Module installation with pip¶
To install Kenning with its basic dependencies with pip, run:
pip install -U git+https://github.com/antmicro/kenning.git
Since Kenning can support various frameworks, and not all of them are required for user’s use cases, the optional requirements are available as extra requirements. The groups of extra requirements are following:
tensorflow- modules for working with TensorFlow models (ONNX conversions, addons, and TensorFlow framework),
torch- modules for working with PyTorch models,
mxnet- modules for working with MXNet models,
nvidia_perf- modules for performance measurements for NVIDIA GPUs,
object_detection- modules for working with YOLOv3 object detection and Open Images Dataset V6 computer vision dataset.
To install the extra requirements, i.e.
sudo pip install git+https://github.com/antmicro/kenning.git#egg=kenning[tensorflow]
Working directly with the repository¶
For development purposes, and for usage of additional resources (as sample scripts or trained models), clone repository with:
git clone https://github.com/antmicro/kenning.git
To download model weights, install Git Large File Storage (if not installed) and run:
cd kenning/ git lfs pull
kenning module consists of the following submodules:
core- provides interface APIs for datasets, models, optimizers, runtimes and runtime protocols,
datasets- provides implementations for datasets,
modelwrappers- provides implementations for models for various problems implemented in various frameworks,
optimizers- provides implementations for compilers of deep learning models,
runtimes- provides implementations of runtime on target devices,
runtimeprotocols- provides implementations for communication protocols between host and tested target,
dataproviders- provides implementations for reading input data from various sources, such as camera, directories or TCP connections,
outputcollectors- provides implementations for processing outputs from models, i.e. saving results to file, or displaying predictions on screen.
onnxconverters- provides ONNX conversions for a given framework along with a list of models to test the conversion on,
resources- contains project’s resources, like RST templates, or trained models,
scenarios- contains executable scripts for running training, inference, benchmarks and other tests on target devices,
utils- various functions and classes used in all above-mentioned submodules.
Using Kenning as a library in Python scripts¶
Kenning is a regular Python module - after pip installation it can be used in Python scripts.

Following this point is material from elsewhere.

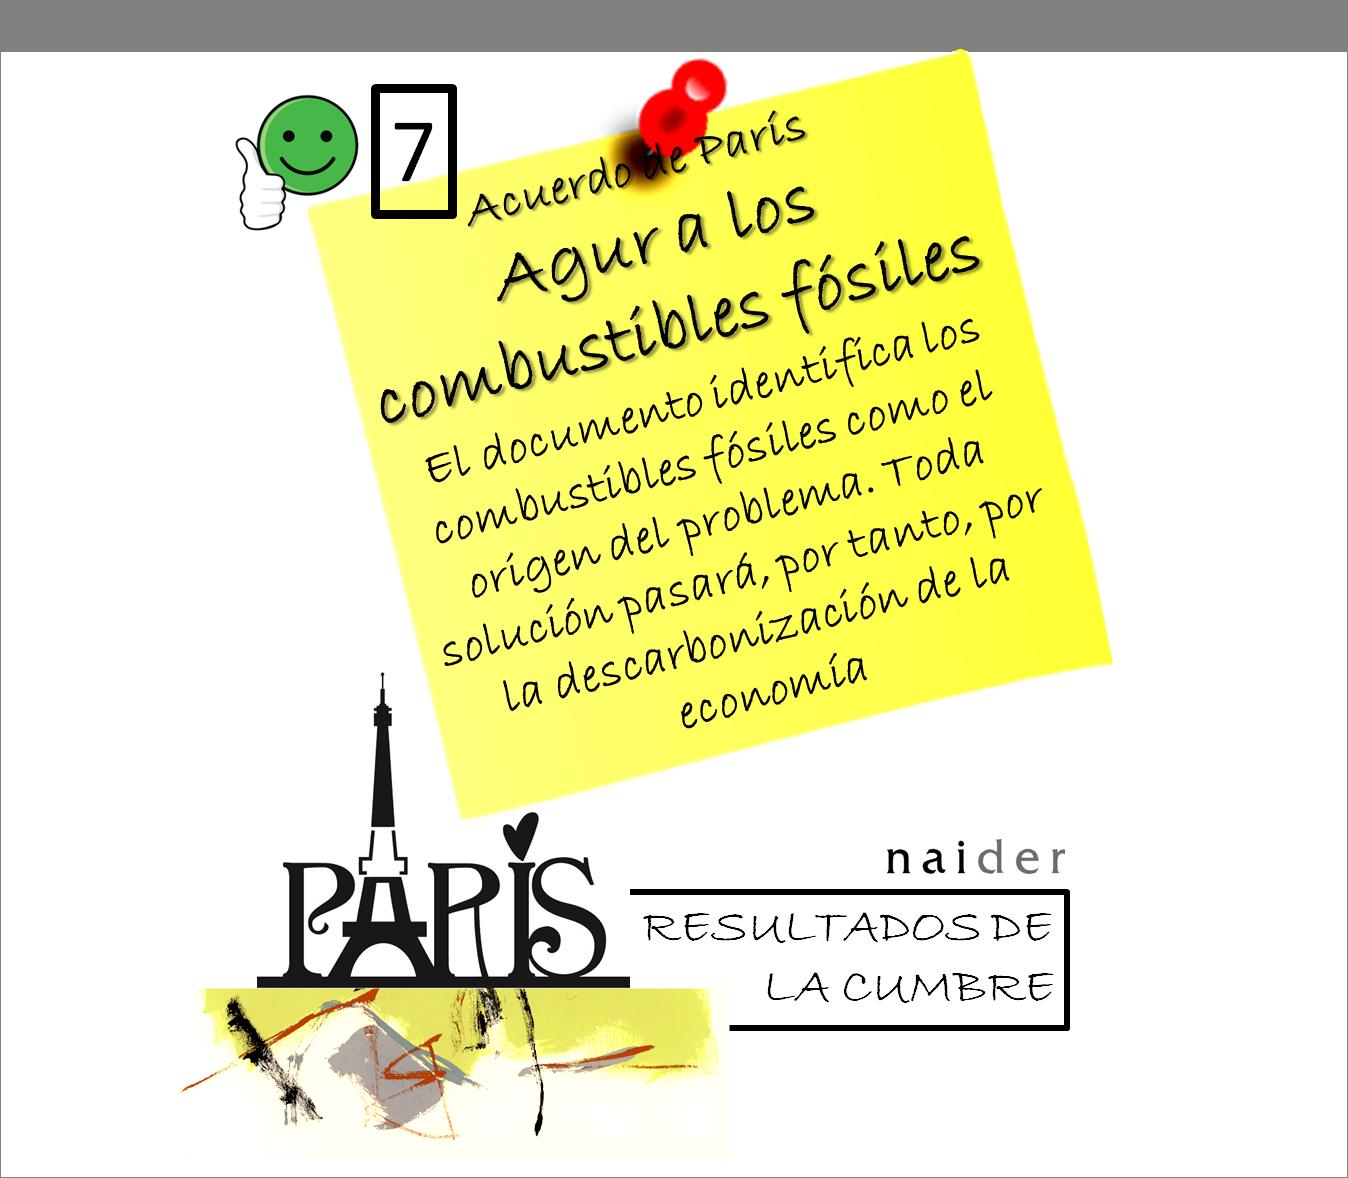 Paris agreement 7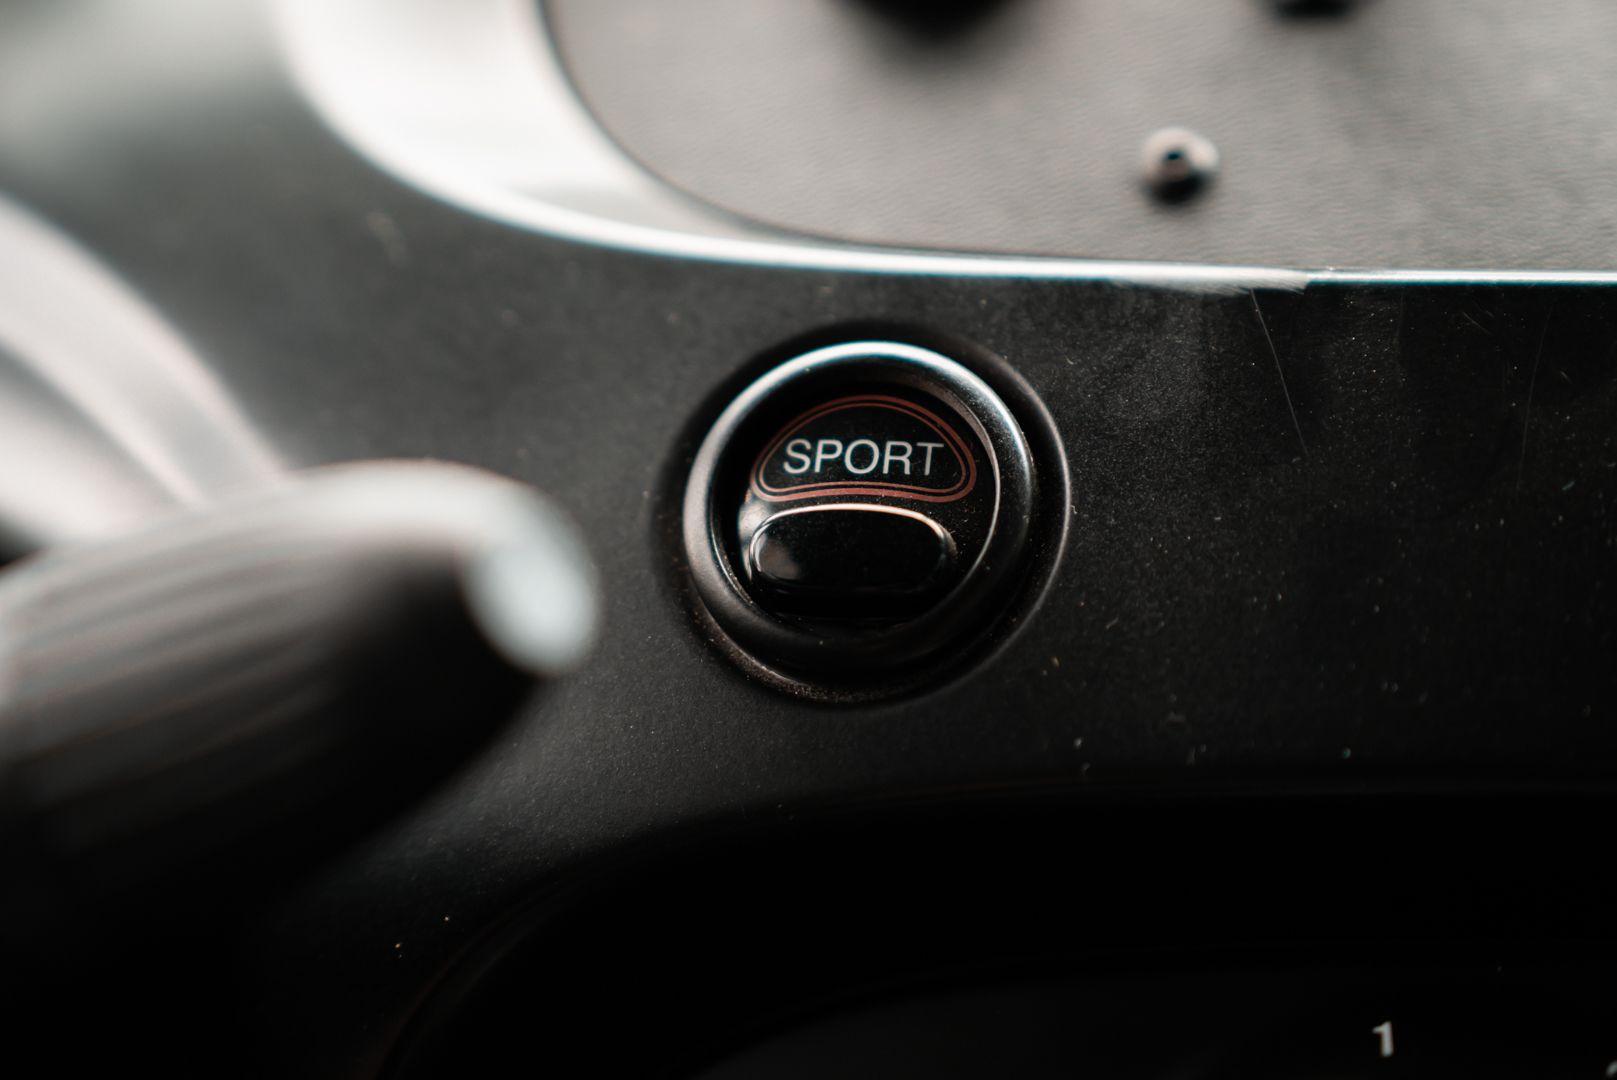 2008 Fiat 500 Abarth Assetto Corse 45/49 77394

The example compilation of the model can look as follows:
from kenning.datasets.pet_dataset import PetDataset from kenning.modelwrappers.classification.tensorflow_pet_dataset import TensorFlowPetDatasetMobileNetV2 from kenning.compilers.tflite import TFLiteCompiler from kenning.runtimes.tflite import TFLiteRuntime from kenning.core.measurements import MeasurementsCollector dataset = PetDataset( root='./build/pet-dataset/', download_dataset=True ) model = TensorFlowPetDatasetMobileNetV2( modelpath='./kenning/resources/models/classification/tensorflow_pet_dataset_mobilenetv2.h5', dataset=dataset ) compiler = TFLiteCompiler( dataset=dataset, compiled_model_path='./build/compiled-model.tflite', modelframework='keras', target='default', inferenceinputtype='float32', inferenceoutputtype='float32' ) compiler.compile( inputmodelpath='./kenning/resources/models/classification/tensorflow_pet_dataset_mobilenetv2.h5', inputshapes=model.get_input_spec(), dtype=model.get_input_spec() )
The above script downloads the dataset and compiles the model using TensorFlow Lite to the model with FP32 inputs and outputs.
To get a quantized model, replace
... compiler = TFLiteCompiler( dataset=dataset, compiled_model_path='./build/compiled-model.tflite', modelframework='keras', target='int8', inferenceinputtype='int8', inferenceoutputtype='int8', dataset_percentage=0.3 ) compiler.compile( inputmodelpath='./kenning/resources/models/classification/tensorflow_pet_dataset_mobilenetv2.h5', inputshapes=model.get_input_spec(), dtype=model.get_input_spec() )
To check how the compiled model is performing, create
TFLiteRuntime object and run local model evaluation:
... runtime = TFLiteRuntime( protocol=None, modelpath='./build/compiled-model.tflite' ) runtime.run_locally( dataset, model, './build/compiled-model.tflite' ) MeasurementsCollector.save_measurements('out.json')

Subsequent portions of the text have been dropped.